> **Task requirements**
Beginning at the line that contains "Partner Tech P12597RB" and finishing at the line that contains "N8TEX®2.0-logo op de", output the data below exactly. Include both end lines and no pictures.

> **Supplied material**
•••

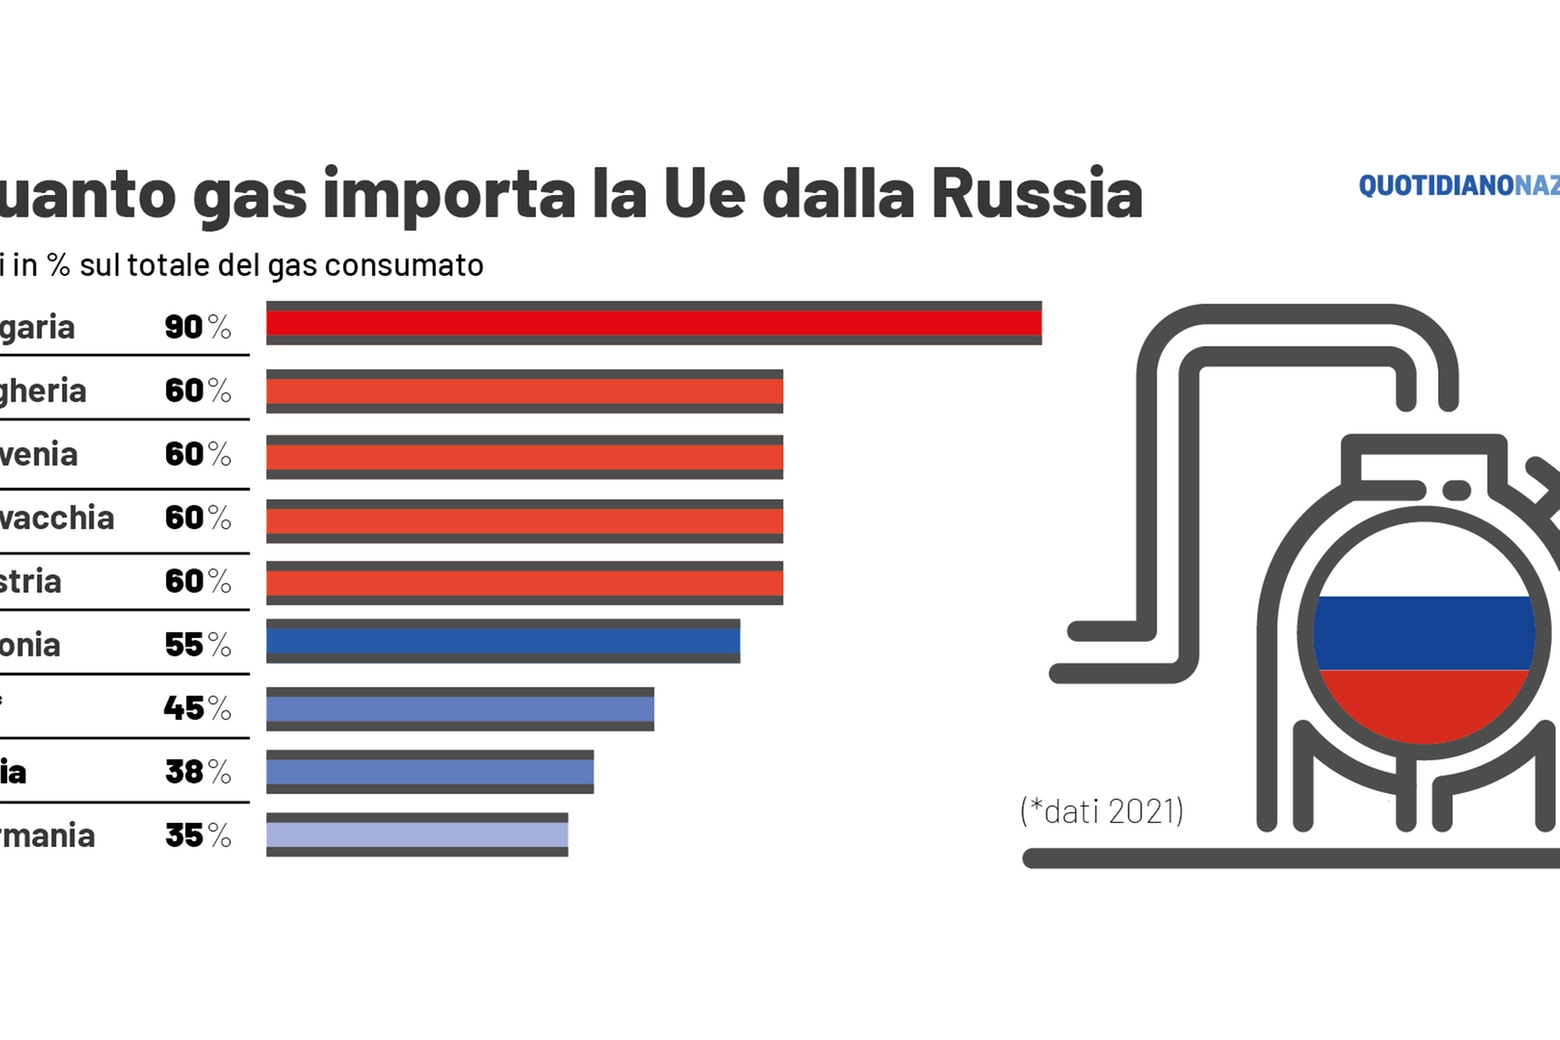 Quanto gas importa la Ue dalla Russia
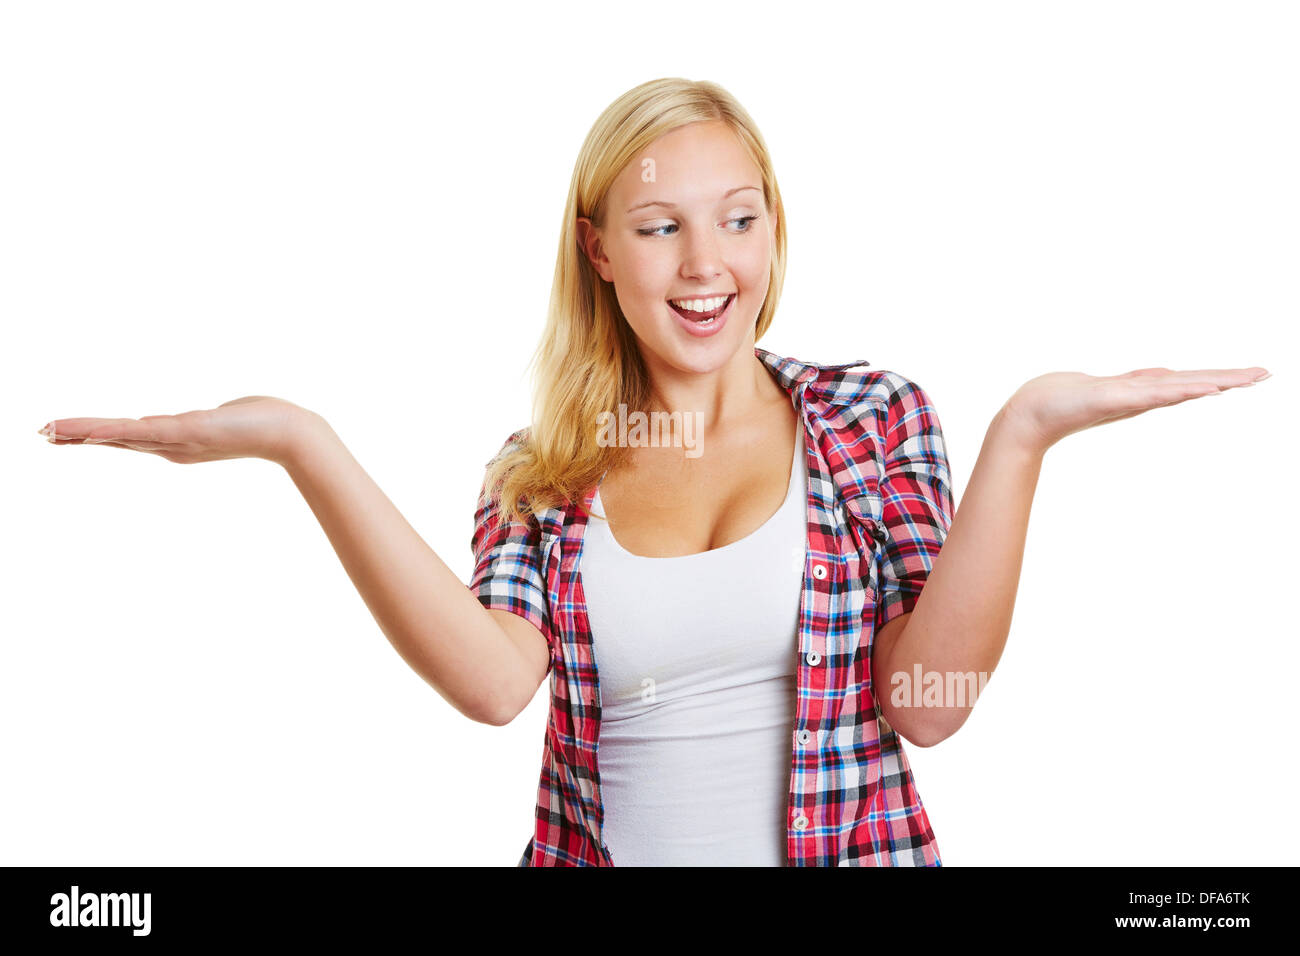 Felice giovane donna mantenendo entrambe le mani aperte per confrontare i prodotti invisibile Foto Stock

•••

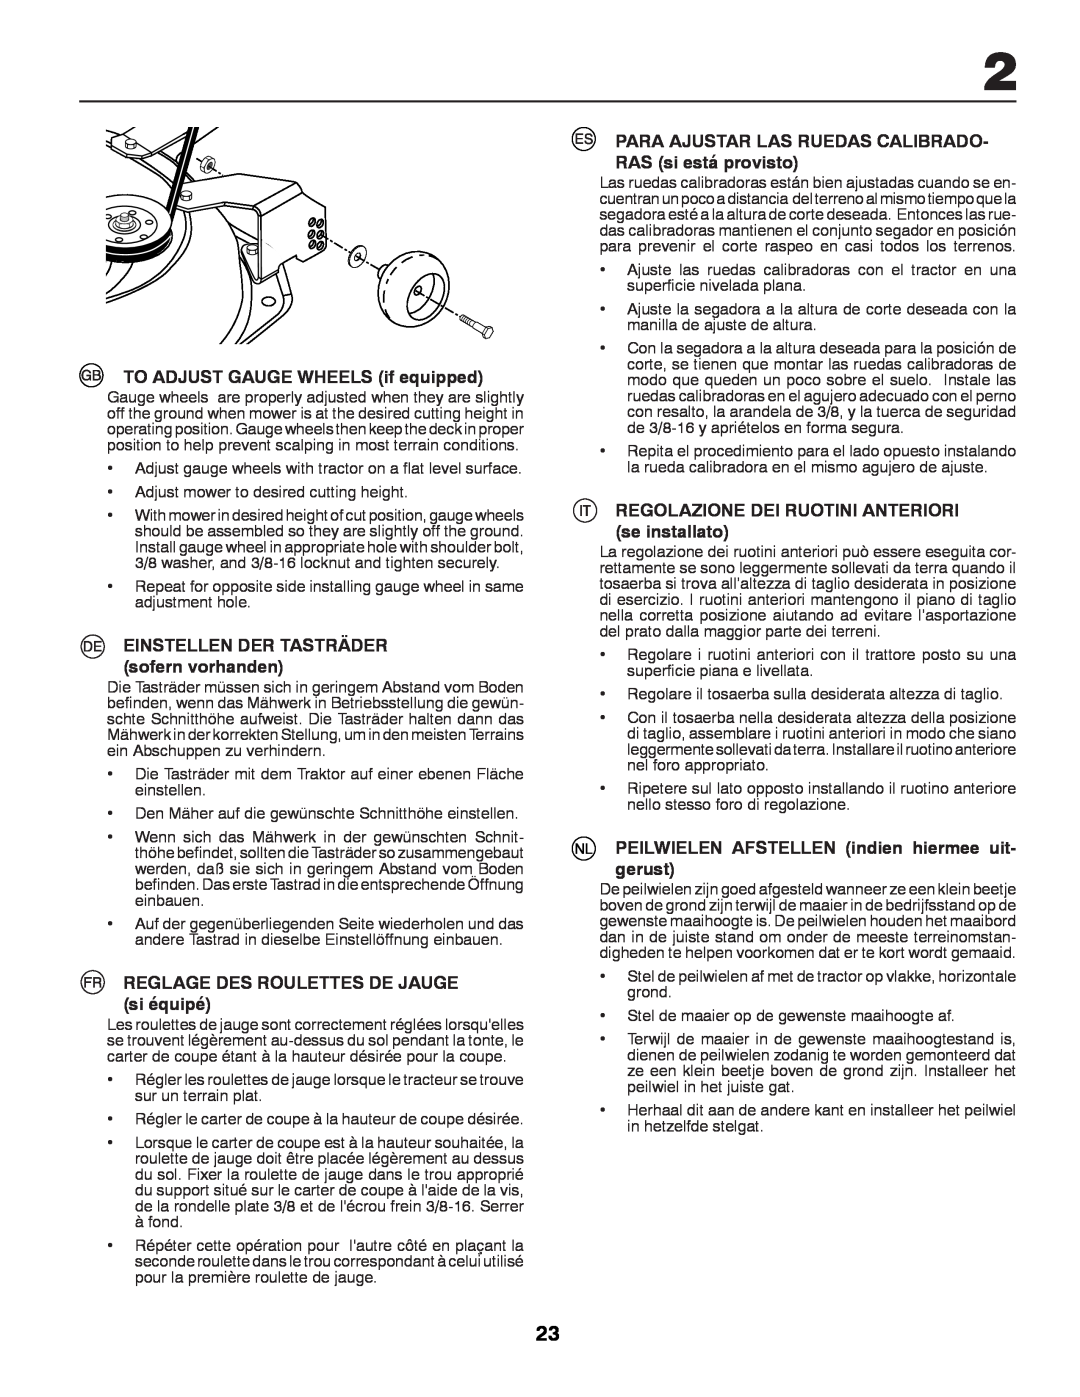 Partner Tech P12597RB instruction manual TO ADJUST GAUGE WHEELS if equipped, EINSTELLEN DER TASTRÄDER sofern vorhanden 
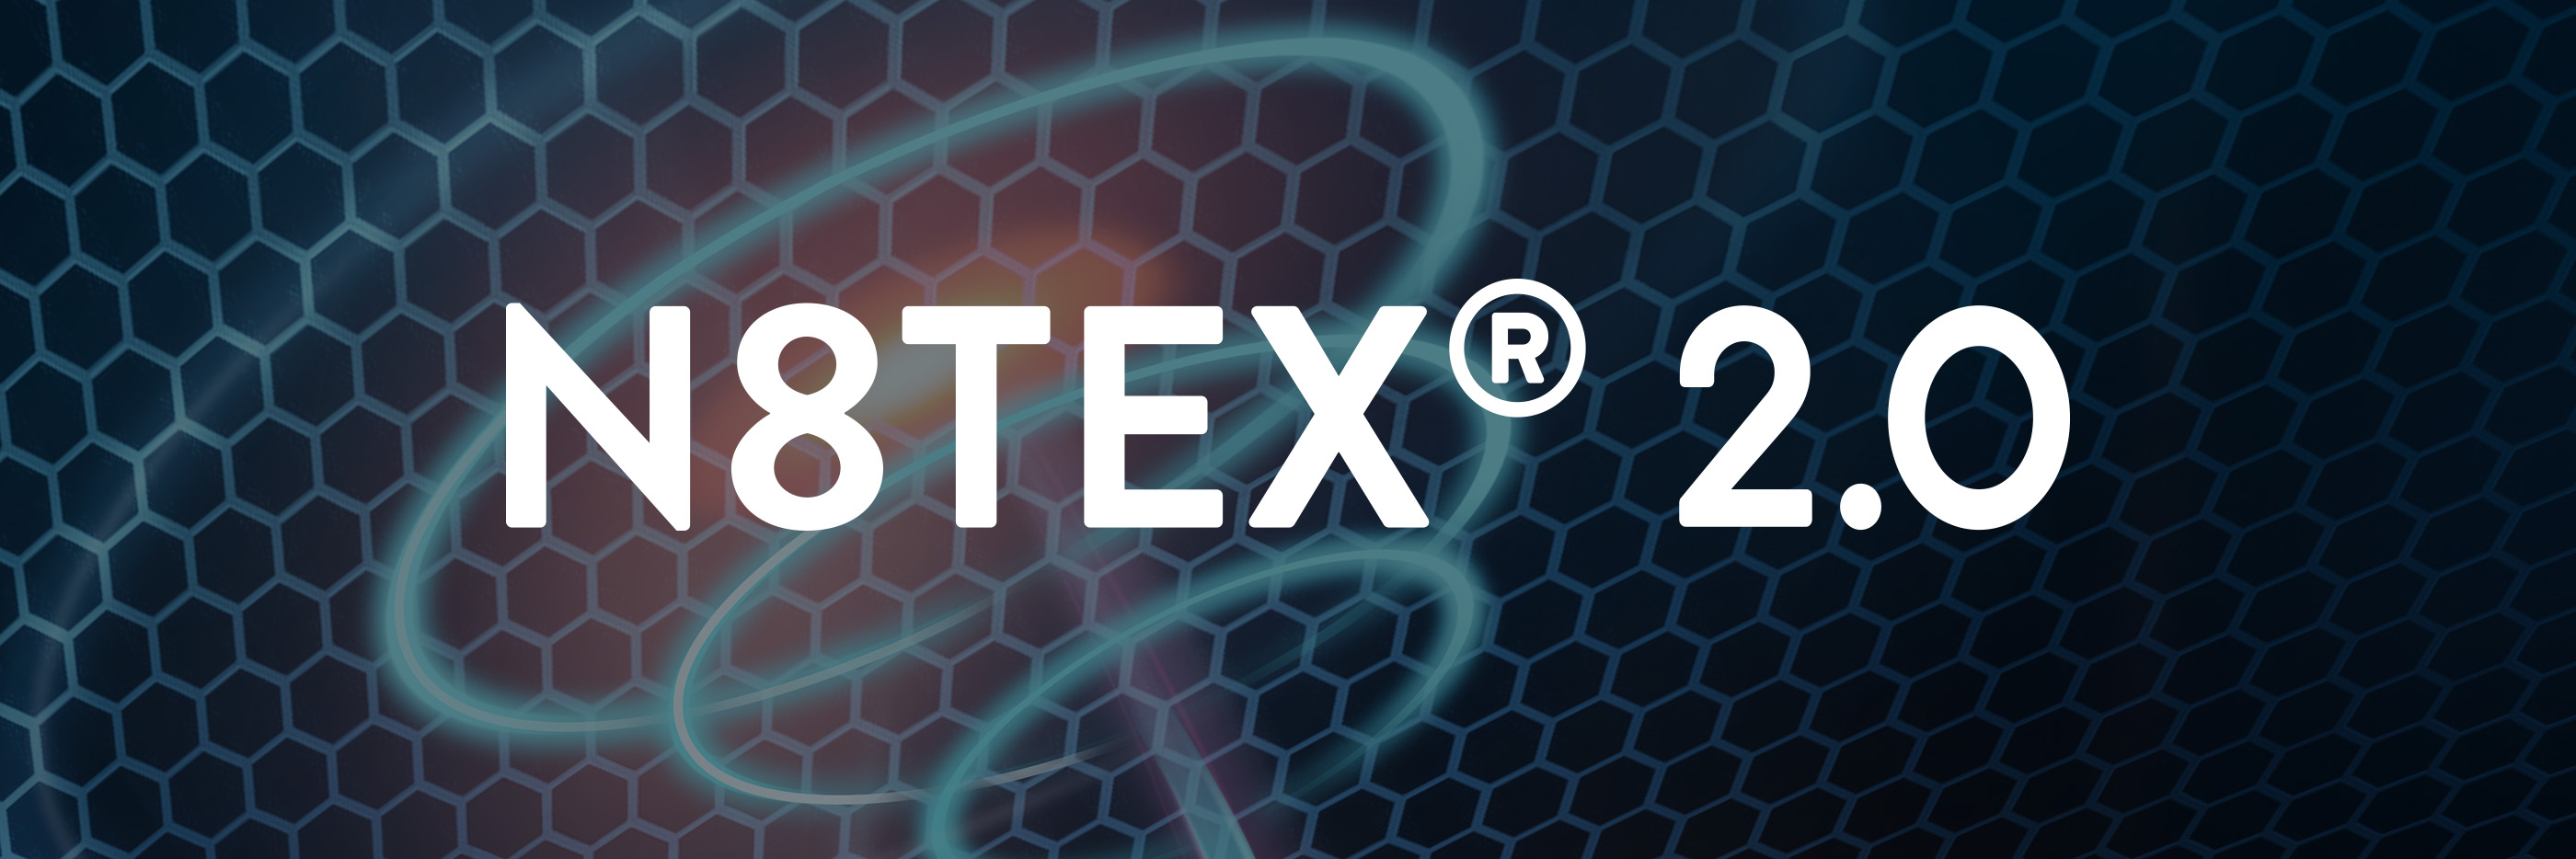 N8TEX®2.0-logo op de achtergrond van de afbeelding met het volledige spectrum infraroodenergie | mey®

•••

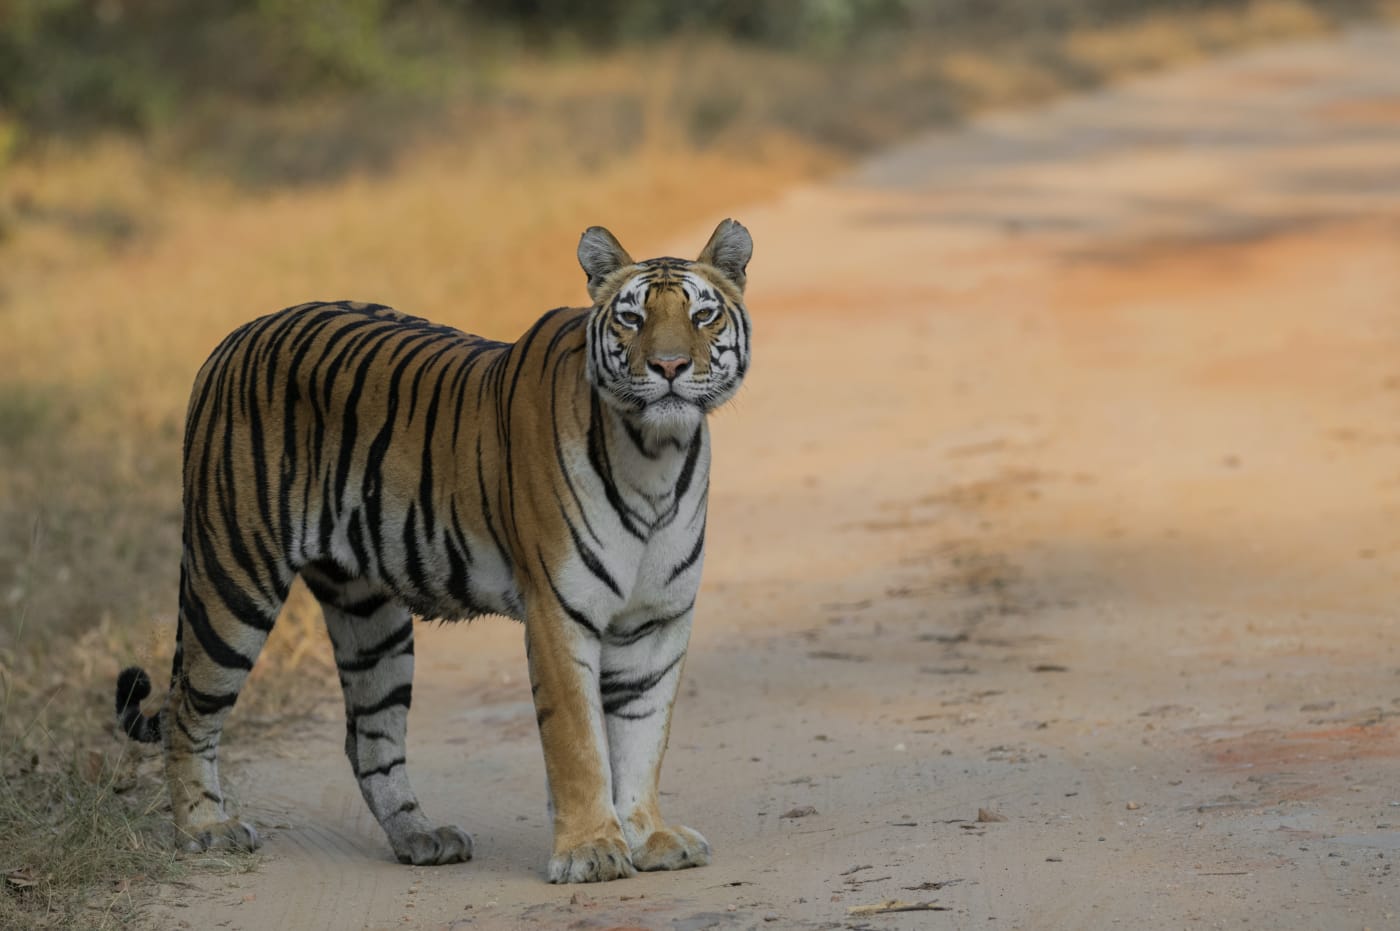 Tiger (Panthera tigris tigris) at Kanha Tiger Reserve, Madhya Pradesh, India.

•••

> **Exercise solution**
 Partner Tech P12597RB instruction manual TO ADJUST GAUGE WHEELS if equipped, EINSTELLEN DER TASTRÄDER sofern vorhanden 
 N8TEX®2.0-logo op de achtergrond van de afbeelding met het volledige spectrum infraroodenergie | mey®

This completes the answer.